PROGRESS: Logistic regression:
PROGRESS: --------------------------------------------------------
PROGRESS: Number of examples          : 98060
PROGRESS: Number of classes           : 2
PROGRESS: Number of feature columns   : 18
PROGRESS: Number of unpacked features : 18
PROGRESS: Number of coefficients    : 36
PROGRESS: Starting Newton Method
PROGRESS: --------------------------------------------------------
PROGRESS: +-----------+----------+--------------+-------------------+
PROGRESS: | Iteration | Passes   | Elapsed Time | Training-accuracy |
PROGRESS: +-----------+----------+--------------+-------------------+
PROGRESS: | 1         | 2        | 1.202510     | 0.643198          |
PROGRESS: | 2         | 3        | 1.328448     | 0.646472          |
PROGRESS: | 3         | 4        | 1.468999     | 0.647216          |
PROGRESS: | 4         | 5        | 1.602687     | 0.647196          |
PROGRESS: | 5         | 6        | 1.728122     | 0.647196          |
PROGRESS: +-----------+----

---
Now apply the model to the holdout set.

In [10]:
base_model.evaluate(test_set)

{'accuracy': 0.6438942817521821, 'confusion_matrix': Columns:
 	target_label	int
 	predicted_label	int
 	count	int
 
 Rows: 4
 
 Data:
 +--------------+-----------------+-------+
 | target_label | predicted_label | count |
 +--------------+-----------------+-------+
 |      1       |        0        |  1666 |
 |      1       |        1        |  2958 |
 |      0       |        1        |  7065 |
 |      0       |        0        | 12829 |
 +--------------+-----------------+-------+
 [4 rows x 3 columns]}

---
Overall, the prediction accuracy for the test set shoud be about 64%. The accuracy for the test set is roughly the same as for the training set, so you can be confident that the model is not over-fitting the data. In fact, the accuracy for logistic regression is about as good as the accuracy for other classfiers (e.g., boosted trees) for this data. For noisy data, it is generally true to simpler classifiers tend to perform as well or better than more sophisticated techniques.

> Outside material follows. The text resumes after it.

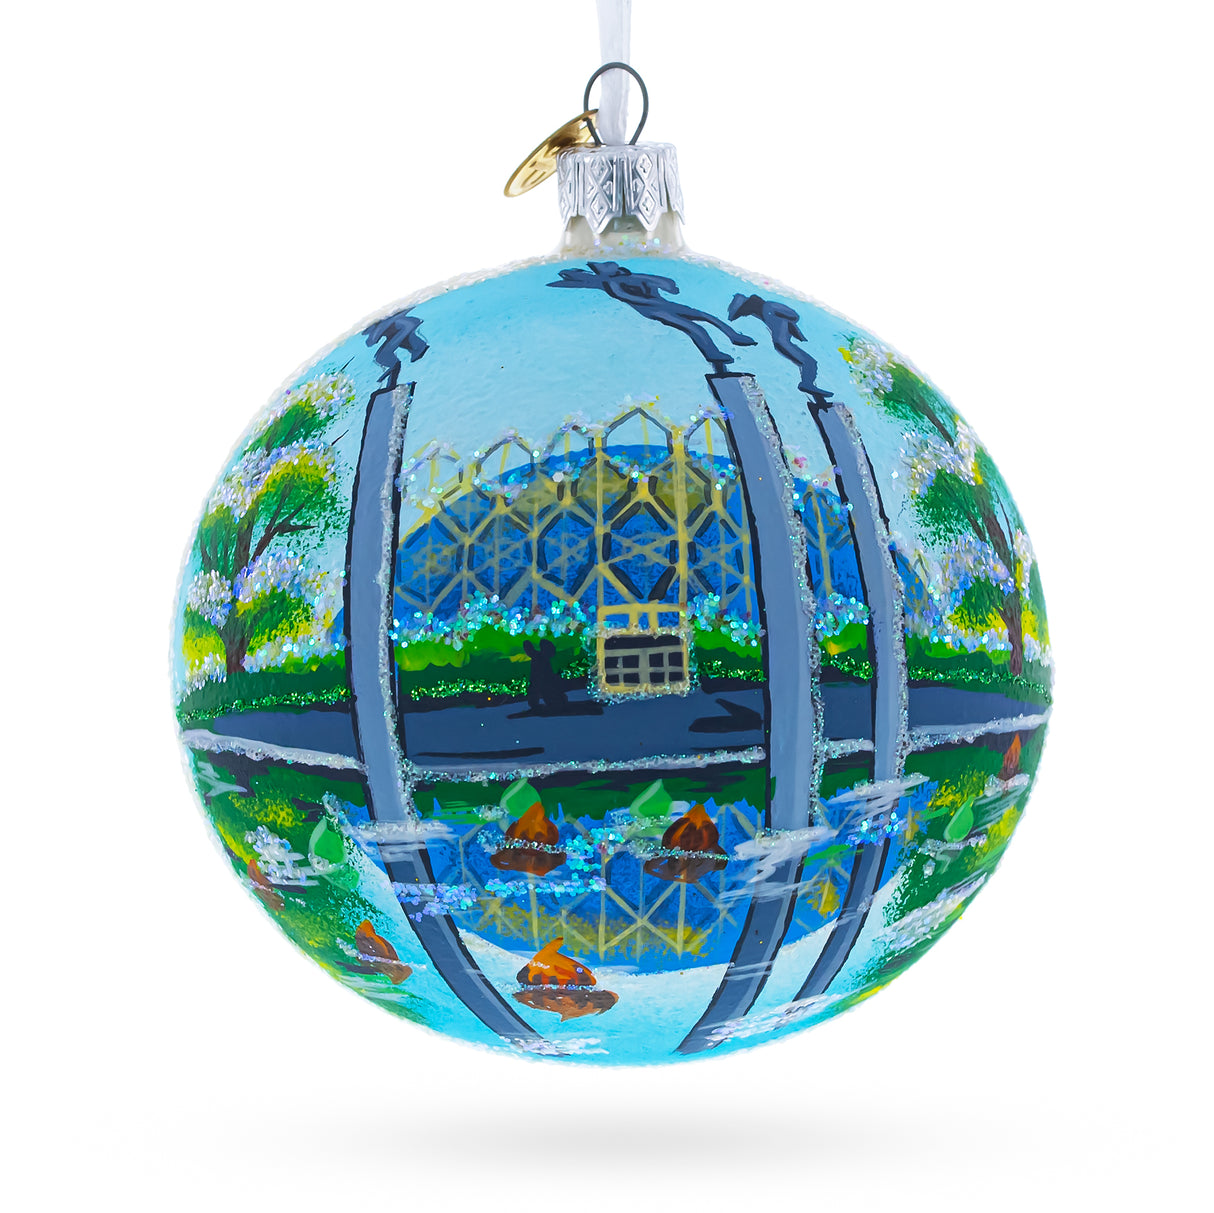 Botanical Garden in St. Louis, Missouri Glass Ball Christmas Ornament 4 Inches in Multi color, Round shape

## Apply to Model to Active Loans
Now refit the modeling using all the data and use this model to predict the active loans most likely to be charged off or go into default.

In [11]:
base_model = gl.logistic_classifier.create(inactive_loans, 
                                           target='bad_loans',  
                                           class_weights='auto', 
                                           features=features, 
                                           validation_set=None,
                                           verbose=False)
active_loans = loans[1 - loans['inactive_loans']]
active_loans['prob_bad'] = base_model.predict(active_loans, output_type='probability')

---
Using the topk method, you can identify the riskiest 100 loans.

In [13]:
worst_loans = active_loans.topk('prob_bad', k=100)
worst_loans[['prob_bad'] + features].show()

## Wrap-up
In this notebook, in just a few lines of code, you fit a model to inactive loans to predict default. You then applied this model to predict which loans are most likely to be charged off or go into default. This allows you to identify the riskiest loans and possibly take preemptive action to avoid charging off the loan.